You can run specialized checks to discover which names are available, and you can pay a small fee to reserve your desired business name until you finish filing the articles of incorporation. Also, your name must officially end with “LLC” or the spelled out form “Limited Liability Company.”
2. Filing Articles of Incorporation
Articles of incorporation, or articles of organization as they’re often called with LLCs, are required regardless of business type or size if you’re going to form an LLC.
You have to include all the most essential information about your business in the articles of incorporation. This can include name of business, names of members, business’ location, company purpose, and other information, but it varies from state to state.
Many times, it’s wise to get expert assistance in drafting, finalizing, and filing your articles of incorporation to avoid any mistakes or omissions.
3. Creating an Operating Agreement
Not only must you file articles of incorporation to form an LLC, you must also draft an LLC operating agreement. This agreement must be assented to by all of the LLC members.
The agreement will spell out things like who owns the LLC or what percentage of it is owned by each member, how it will be managed, the voting procedure, how profits/losses will be handled, and what rights/responsibilities apply to each member.
You can’t form a business without rules for how it will be run. That’s why it’s important that your operating agreement be legally specific, valid, and practical. If you make mistakes in the operating agreement, you could risk losing control over your own business down the road.
4. Publishing a Notice of LLC Formation
In a couple of states, you have to take the additional step of publicly publishing an official notice of the formation of your LLC in a local newspaper. This is seen as a bit old fashioned and unnecessary by most states, so it’s only required in Arizona and New York.
The newspaper notice has to stay in print for a specified period of time in order to be valid. Failing to take this step in the relevant states, technically, would delegitimize the formation of your LLC.

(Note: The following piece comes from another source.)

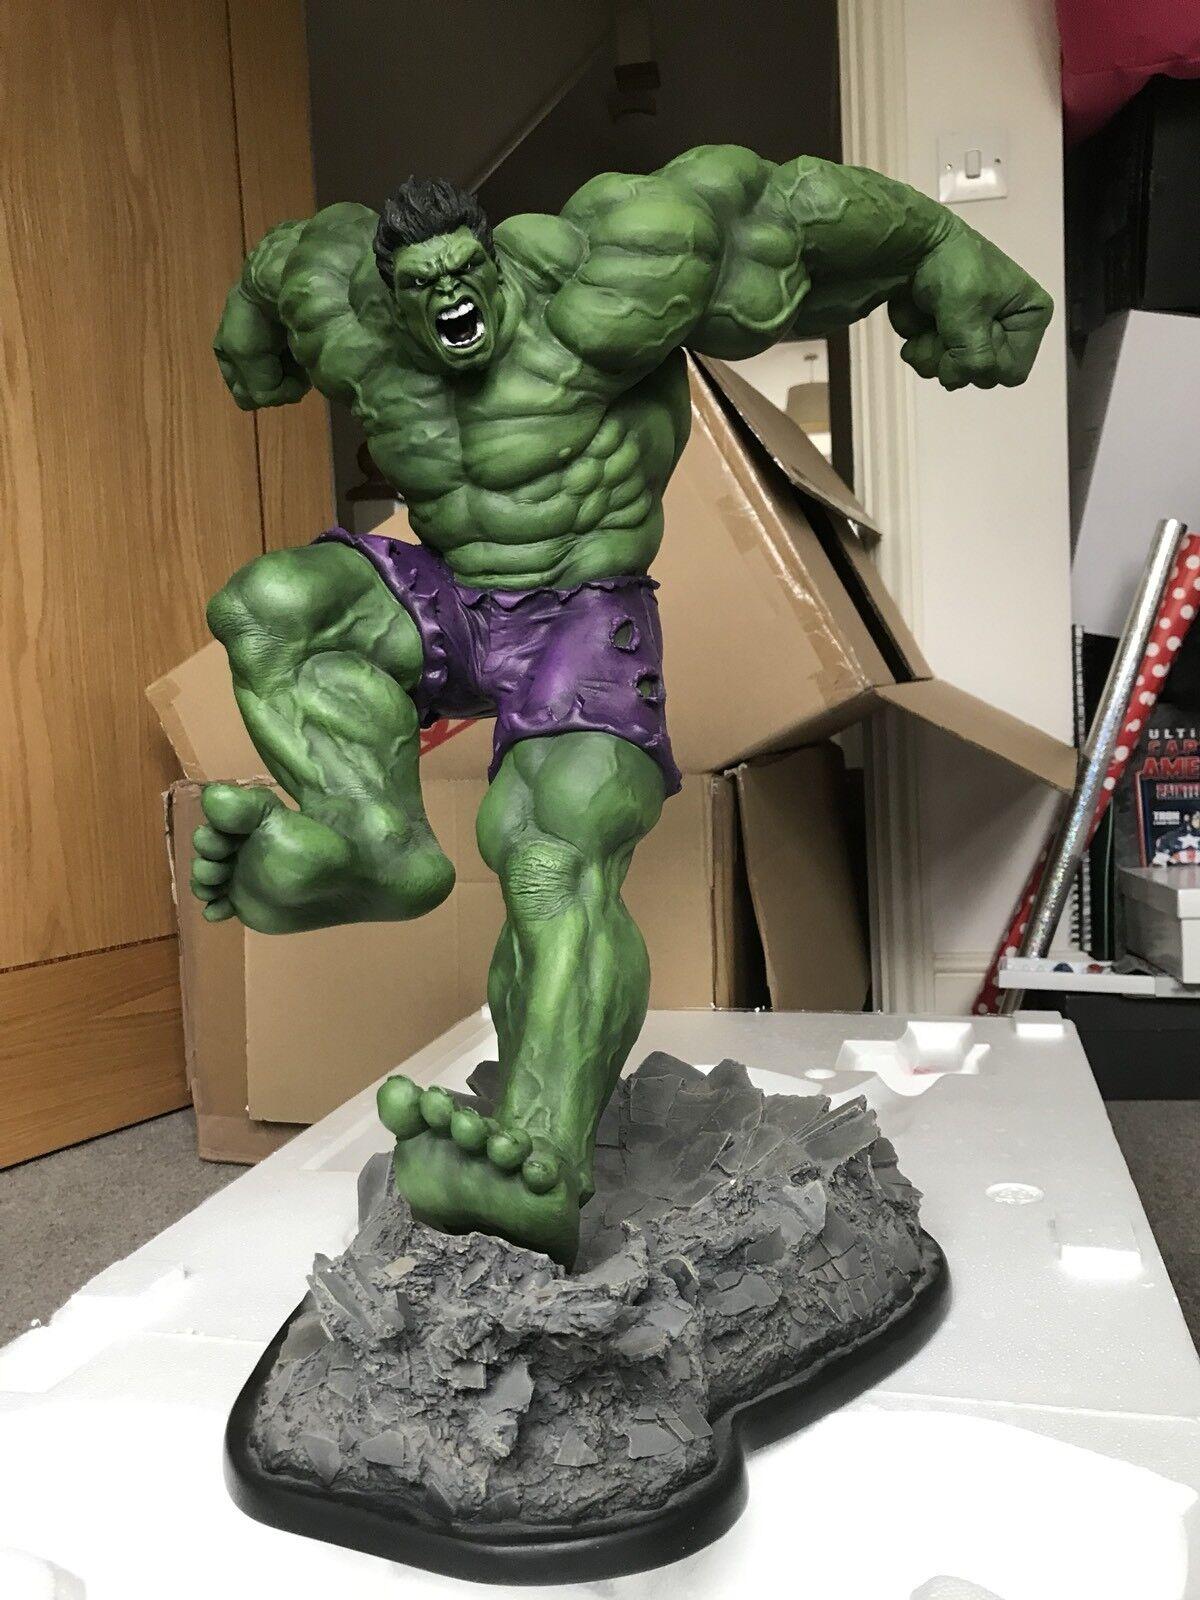 Sideshow Hulk Comiquette Statue Grün Custom 1/5 Scale No.1173/1750 Authentic

5. Obtaining Licenses/ Permits
In order to actually function as an LLC, more is necessary than just filing papers with the state that say you exist. You may also, depending on the state and the type of business, have to obtain various licenses and/or permits.
Also, in order to maintain your LLC status as valid, you have to keep records of your business finances and of business meetings in a detailed and proper way.
Forming an LLC is a big decision for any entrepreneur. The advantages it offers are often well worth it, but familiarity with the process and professional help in navigating it are going to be necessary to get it done.